The first and foremost component to success with binary options is therefore becoming profitable in the first place, where we have profits that we need to protect by managing risk. Prior to that, we’re protecting ourselves by limiting our losses as much as we can and limiting losses is all there is when there are no profits overall.
 

There is only one component to risk management with binary options trading and that is risk size. That’s a beautiful thing for newer or less skilled traders as trade size is just one of several things that traders need to manage when managing risk, and it’s also the simplest of them.


Prior to having a good reason to think that we’ll make more money than lose trading binary options, we need to keep our trade size as low as possible, preferably using play money actually.

Once we do get to the point where we feel that we can take a shot at this with real money, which should really only be when we’ve shown that we can make money with play money, we’re going to need to pay close attention to the size of our positions lest we not manage risk properly and run our accounts down or even go broke.

The natural tendency of traders is to trade too big, from not having much of an understanding of managing risk. A new trader might risk 10% of their account balance per trade, while a seasoned and successful trader may only want to risk 1%, even though their trading plan is much better and much more proven.

This is all a matter of mathematics and statistics and good traders know their advantage and from there look to keep their drawdowns that occur from random distributions of probabilities to a manageable level. This is why down the road they are still trading and making money, while someone else who may be good at trading but doesn’t manage risk well enough may not be.

Anyone can get to a point where they are ten trades or more behind no matter how good you are, and we need to ask ourselves what shape we will be in when this happens.

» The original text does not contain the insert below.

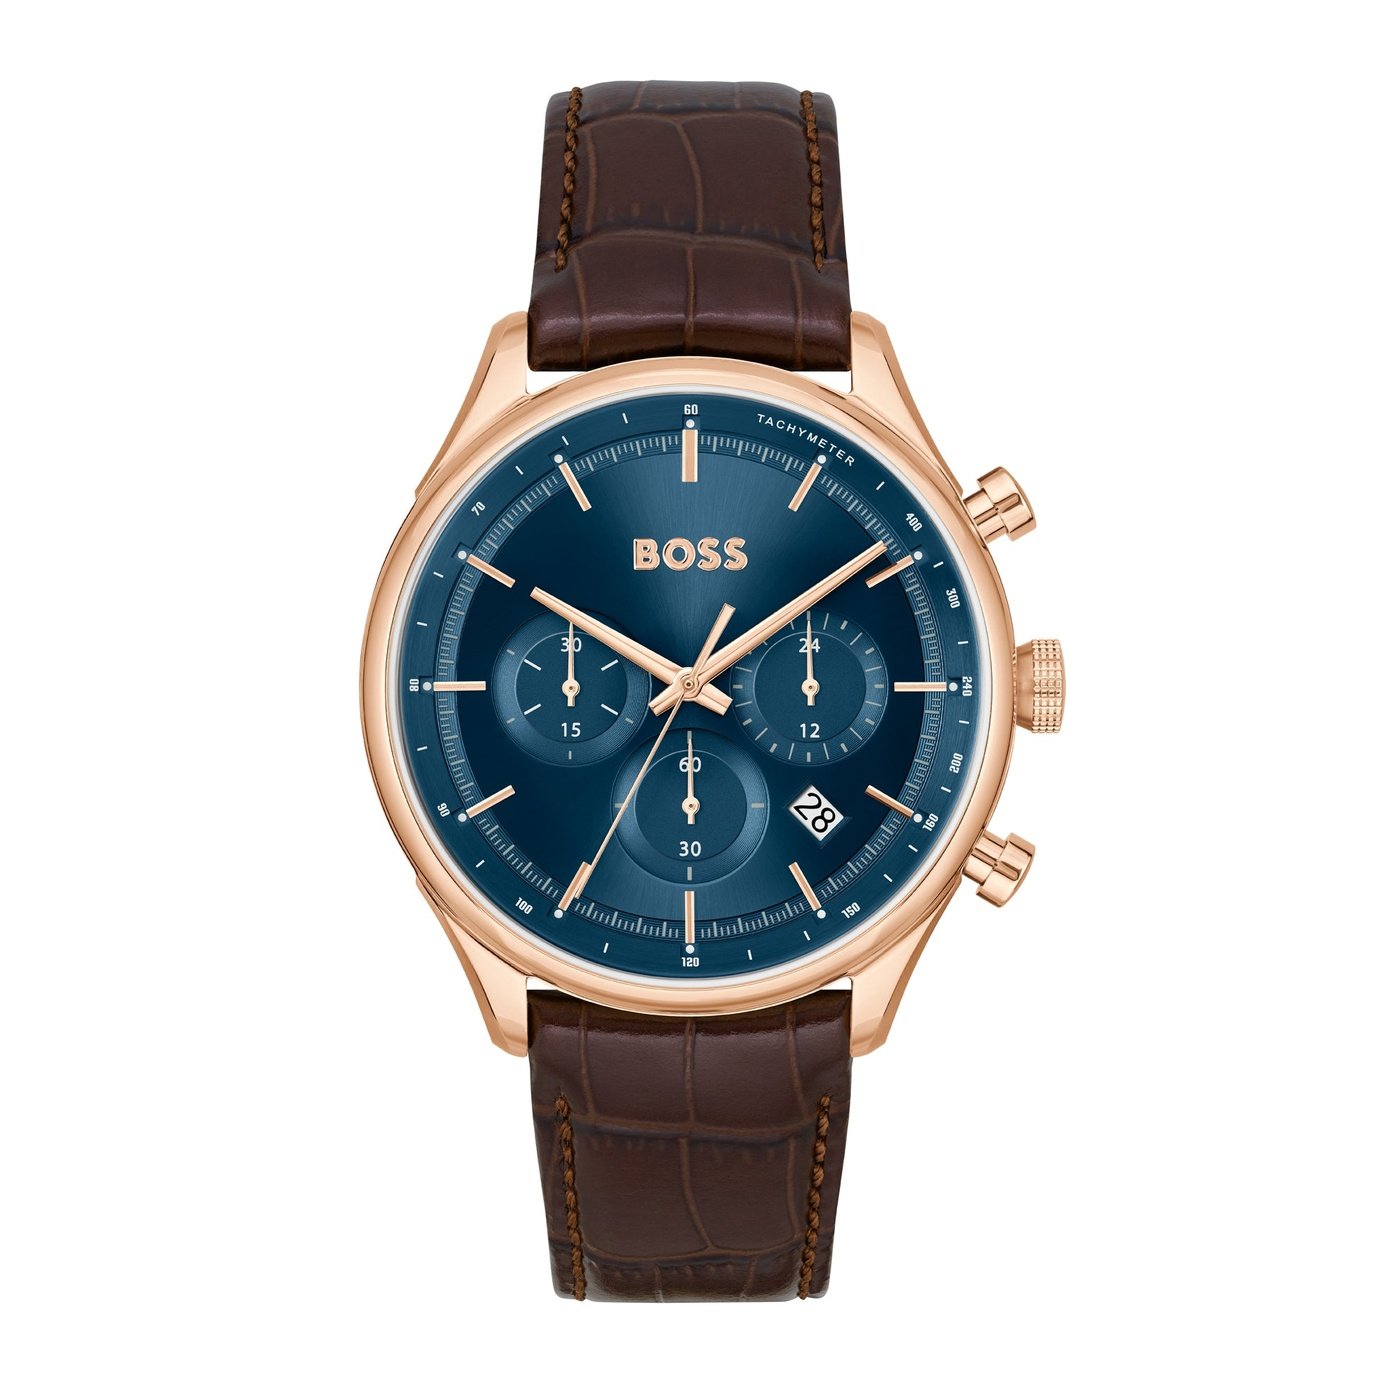 For And Men Online | HUGO Women BOSS Now Shop Watches

If we’re risking 10% per trade this wipes us out, but if we are only trading 1% this keeps the drawdown to a manageable 10%.

This is why experienced binary options traders tell you to risk no more than 1-2% per trade, and the 2% is more for very skilled binary options traders, and even then, the risk here may be too great for even very good traders. 1% is more reasonable for anyone though, and especially if you are newer at this game and aren’t completely sure you’ve figured it all out yet.

This is the part that a lot of newer binary options traders screw up, and you will often see them risking 5% or more per trade, and that’s a bad idea for even the best traders, as it doesn’t manage risk anywhere near enough no matter how good you are.

By keeping trade sizes reasonable, binary options traders can at least create an environment where they are at least not going to hurt themselves on the path to the success they seek.